4-3、coordinator处理JoinGroupRequest

4-3-1、分配memberId

GroupCoordinator#doUnknownJoinGroup:消费组成员刚上线进组,首次发送JoinGroupRequest,memberId为空,coordinator分配memberId并响应MEMBER_ID_REQUIRED

private def doUnknownJoinGroup(group: GroupMetadata,
       groupInstanceId: Option[String],
       requireKnownMemberId: Boolean,
       clientId: String,
       clientHost: String,
       rebalanceTimeoutMs: Int,
       sessionTimeoutMs: Int,
       protocolType: String,
       protocols: List[(String, Array[Byte])],
       // 响应回调
       responseCallback: JoinCallback): Unit = {
  group.inLock {
    //...
    // 生成memberId
    val newMemberId = group.generateMemberId(clientId, groupInstanceId)
    if (group.hasStaticMember(groupInstanceId)) {
      // 静态成员 暂时忽略
      updateStaticMemberAndRebalance(group, newMemberId, groupInstanceId, protocols, responseCallback)
    } else if (requireKnownMemberId) {
      // memberId标记为pending
      group.addPendingMember(newMemberId)
      // 延迟任务sessionTimeoutMs=10s(高版本45s),如果10s内没有收到joinGroup请求,则将memberId从pendingMember中移除
      addPendingMemberExpiration(group, newMemberId, sessionTimeoutMs)
      // 返回分配的memberId,和MEMBER_ID_REQUIRED异常
      responseCallback(JoinGroupResult(newMemberId, Errors.MEMBER_ID_REQUIRED))
    }
  }
}

GroupMetadata#generateMemberId:memberId=clientId-{uuid},其中clientId由客户端生成,默认clientId=consumer-{groupId}-{客户端自增id}。

def generateMemberId(clientId: String,
                       groupInstanceId: Option[String]): String = {
    groupInstanceId match {
      case None =>
        // {client.id}-{uuid}
        // client.id默认客户端生成规则consumer-{groupId}-{客户端自增id}
        clientId + GroupMetadata.MemberIdDelimiter + UUID.randomUUID().toString
      case Some(instanceId) =>
        // 静态成员(忽略)group.instance.id-{uuid}
        instanceId + GroupMetadata.MemberIdDelimiter + UUID.randomUUID().toString
    }
  }

GroupMetadata#pendingMembers:这个memberId被临时存储在pendingMembers中,如果客户端超时sessionTimeoutMs未进组,将被移除。

private val pendingMembers = new mutable.HashSet[String]
def addPendingMember(memberId: String) = pendingMembers.add(memberId)
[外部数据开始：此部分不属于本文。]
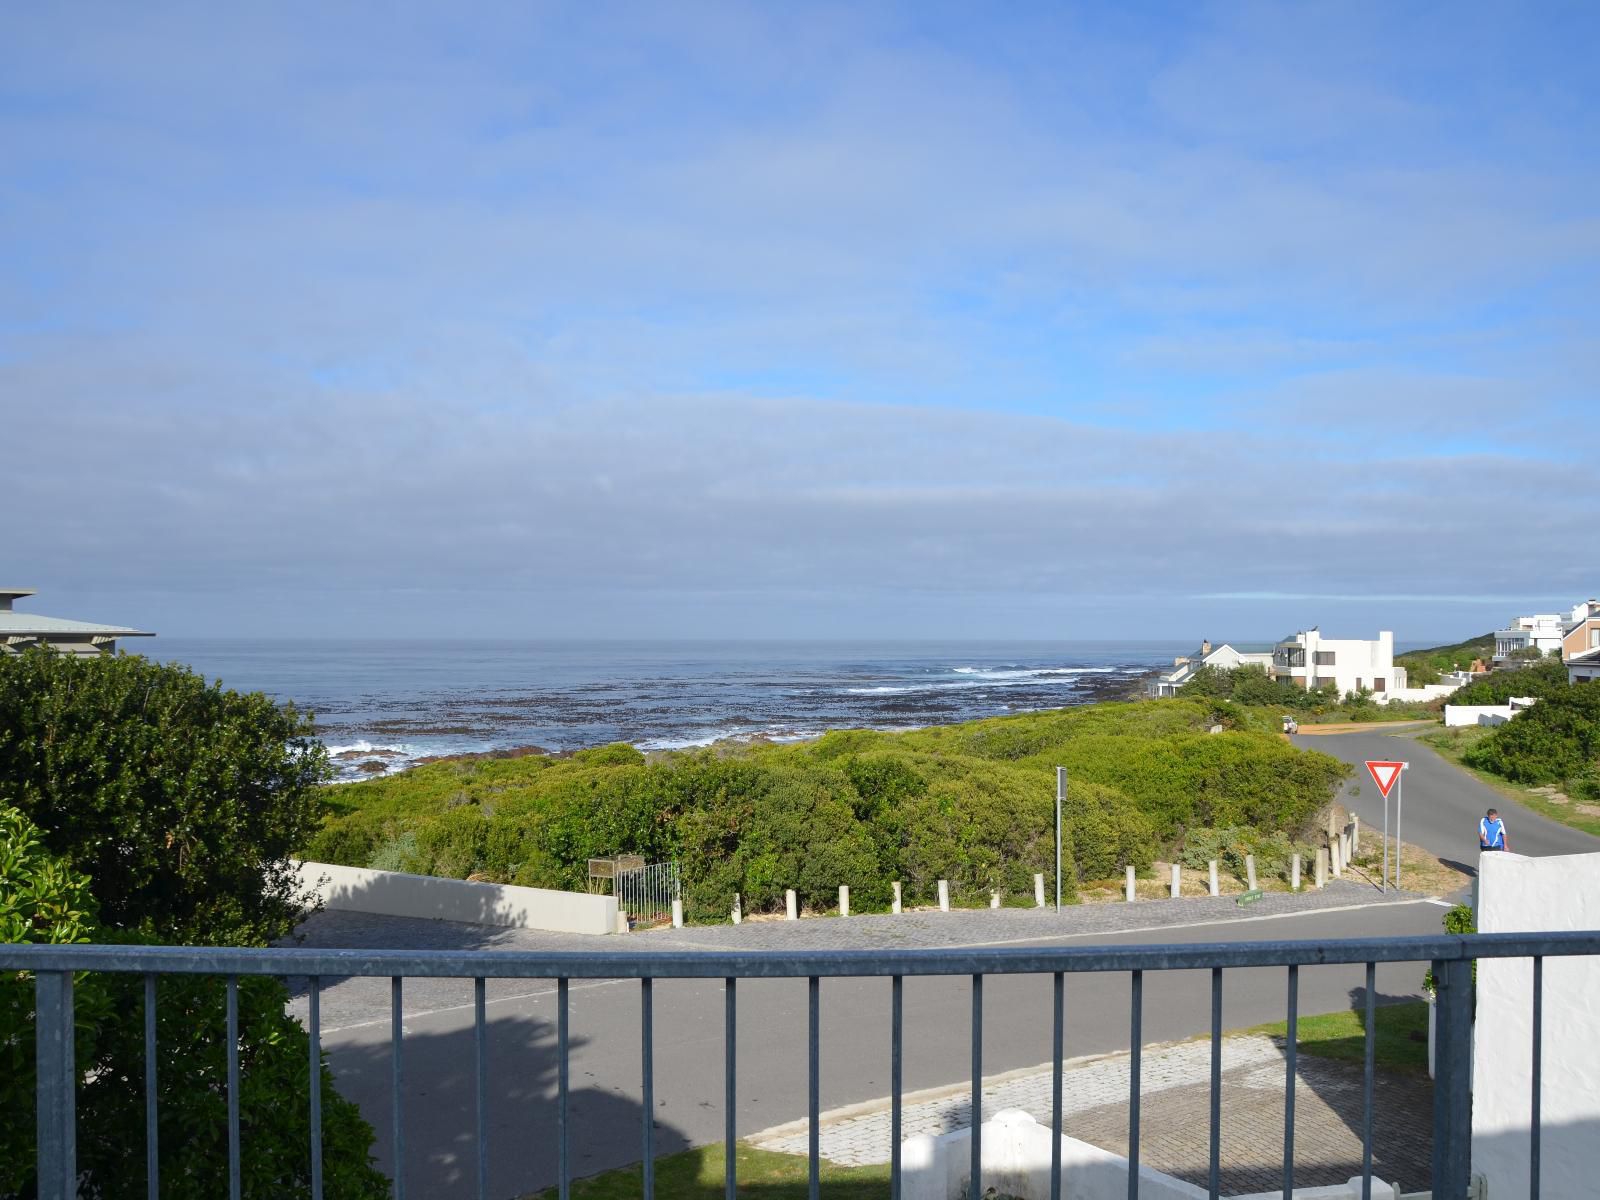 Hermanus Beach Villa And Cottages Vermont Za Hermanus Western Cape South Africa Beach, Nature, Sand, Tower, Building, Architecture

AbstractCoordinator#joinGroupIfNeeded:回到consumer,更新generation的memberId,再次发起JoinGroupRequest。

private class JoinGroupResponseHandler extends 
    CoordinatorResponseHandler {
    public void handle(JoinGroupResponse joinResponse, RequestFuture future) {
        Errors error = joinResponse.error();
        // ...
        if (error == Errors.MEMBER_ID_REQUIRED) {
            String memberId = joinResponse.data().memberId();
            synchronized (AbstractCoordinator.this) {
                 // 更新generation的memberId为服务端返回
                AbstractCoordinator.this.generation = new Generation(OffsetCommitRequest.DEFAULT_GENERATION_ID, memberId, null);
            }
            future.raise(error);
        }
    }
}
boolean joinGroupIfNeeded(final Timer timer) {
    while (rejoinNeededOrPending()) {
        // ...
        // 发送JoinGroupRequest
        final RequestFuture future = initiateJoinGroup();
        client.poll(future, timer);
        // ...
        if (future.succeeded()) {
           // ...
        } else {
            final RuntimeException exception = future.exception();
            resetJoinGroupFuture();
            if (exception instanceof UnknownMemberIdException ||
                exception instanceof RebalanceInProgressException ||
                exception instanceof IllegalGenerationException ||
                // 收到MemberIdRequiredException异常
                exception instanceof MemberIdRequiredException)
                continue;
            // ...
        }
    }
    return true;
}

4-3-2、新成员JoinGroup

上面新分配的memberId被标记为pending,新成员再次发送JoinGroupRequest。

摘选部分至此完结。